Raw data
--- START ---

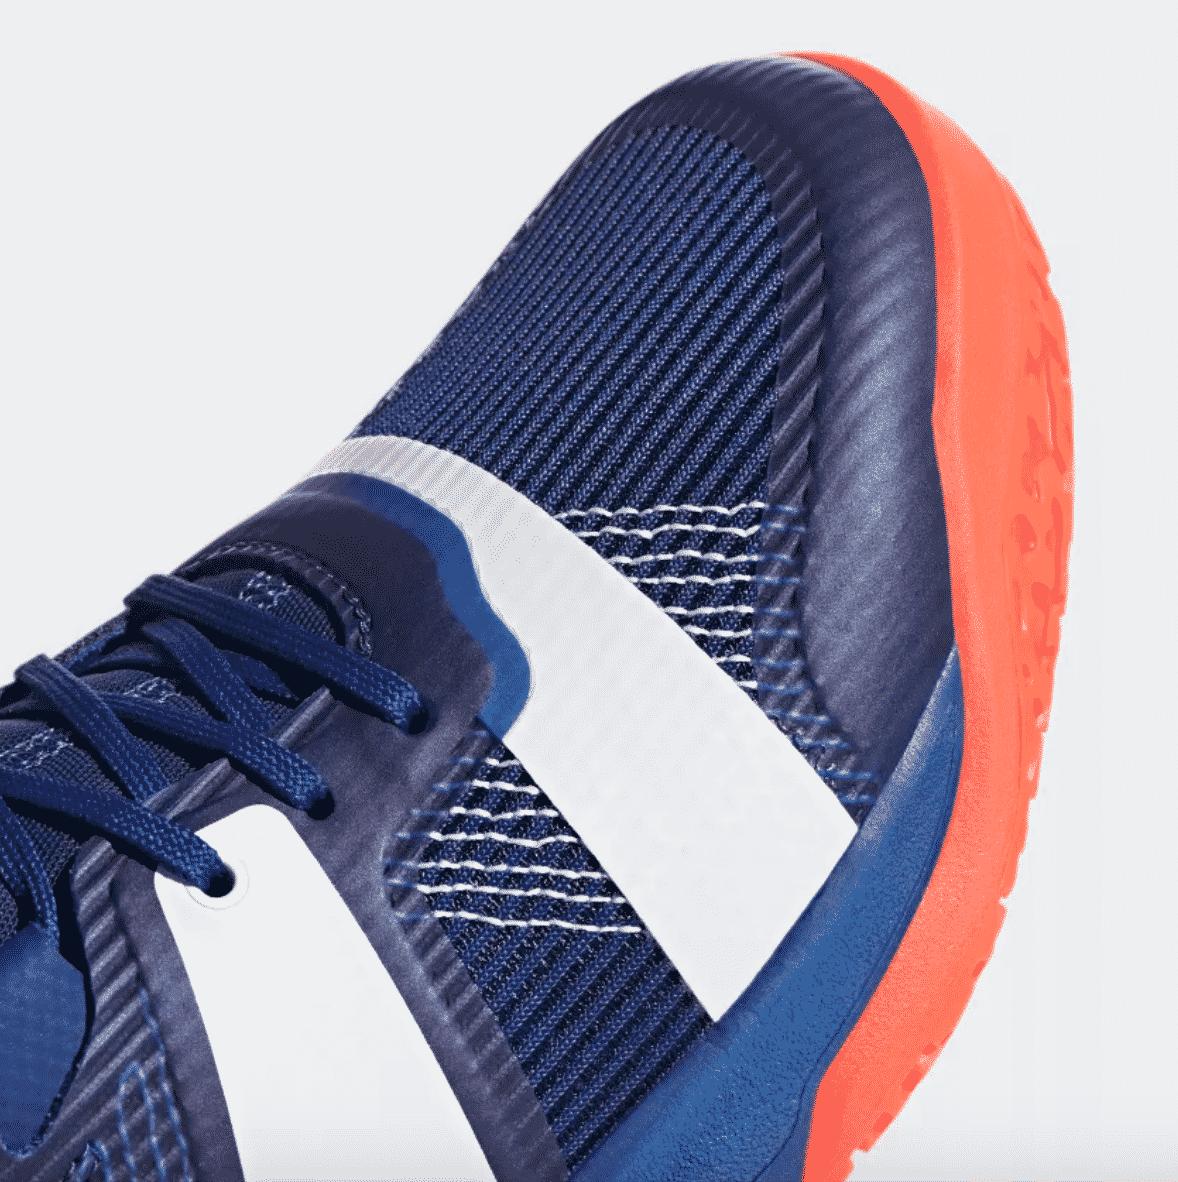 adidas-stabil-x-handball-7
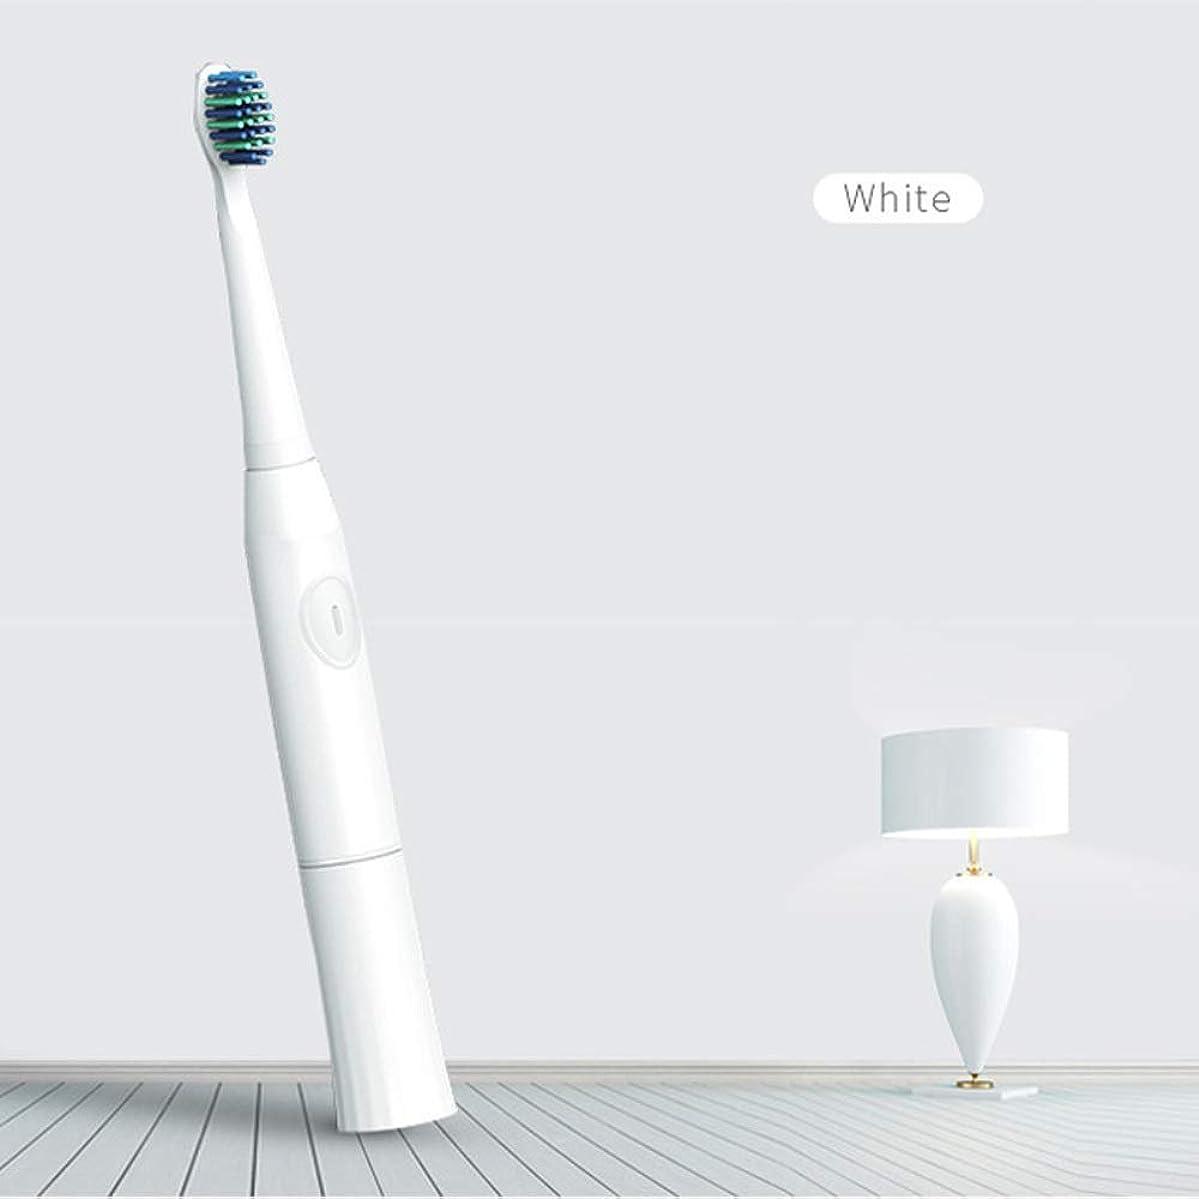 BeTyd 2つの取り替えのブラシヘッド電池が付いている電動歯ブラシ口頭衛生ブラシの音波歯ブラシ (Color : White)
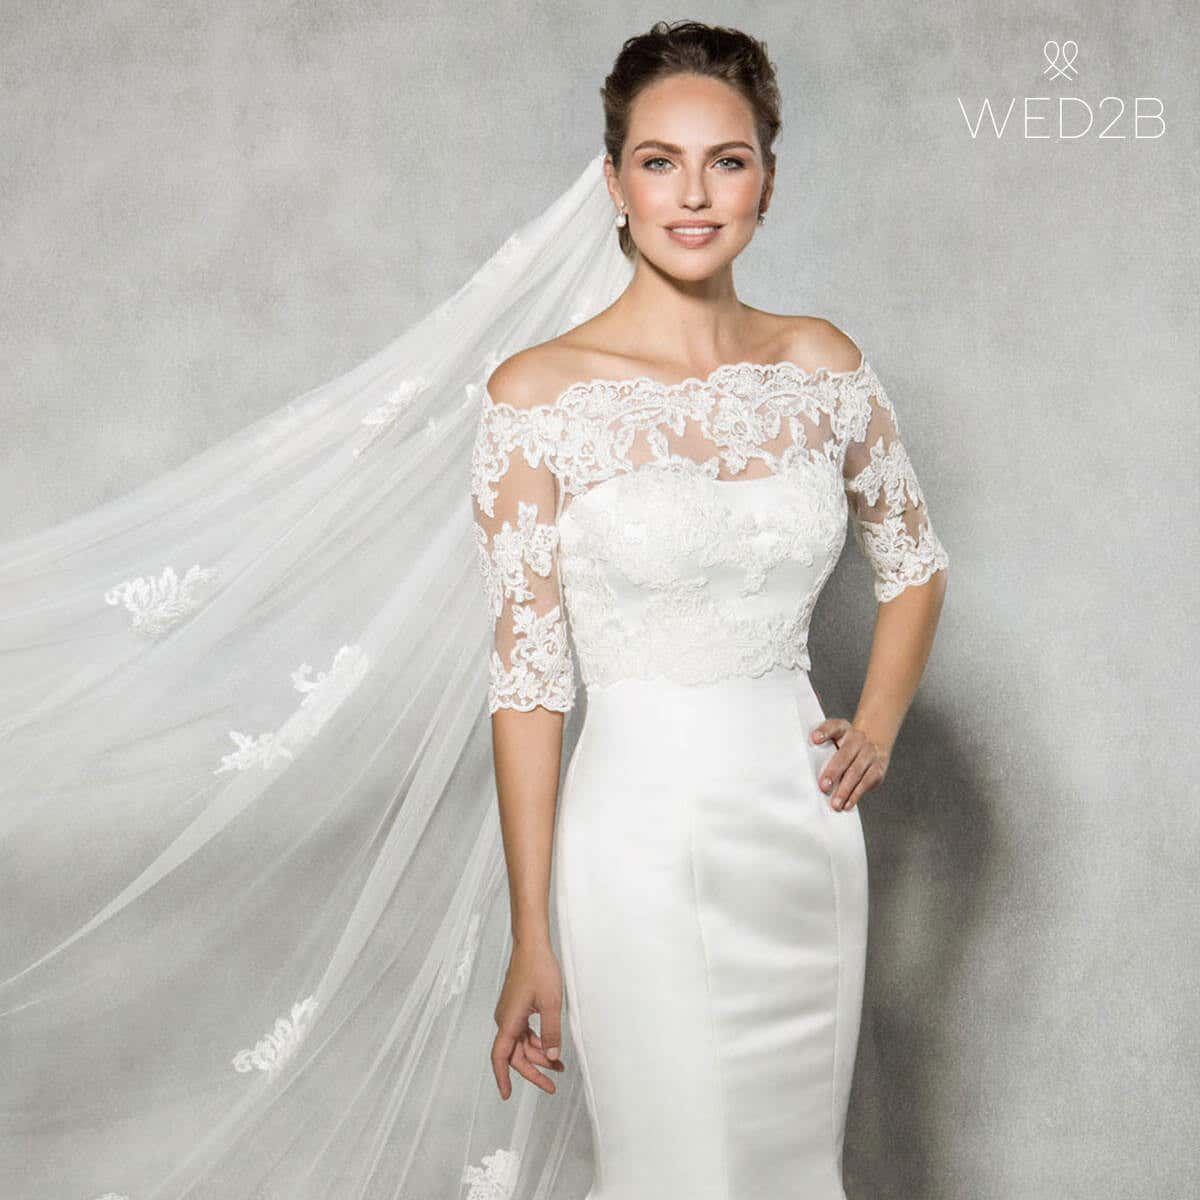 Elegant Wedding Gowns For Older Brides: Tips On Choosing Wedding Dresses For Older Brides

--- END ---

Exercise objective
From the listing, extract all text exactly as given and drop any picture.

Answer box
 adidas-stabil-x-handball-7
 BeTyd 2つの取り替えのブラシヘッド電池が付いている電動歯ブラシ口頭衛生ブラシの音波歯ブラシ (Color : White)
 Elegant Wedding Gowns For Older Brides: Tips On Choosing Wedding Dresses For Older Brides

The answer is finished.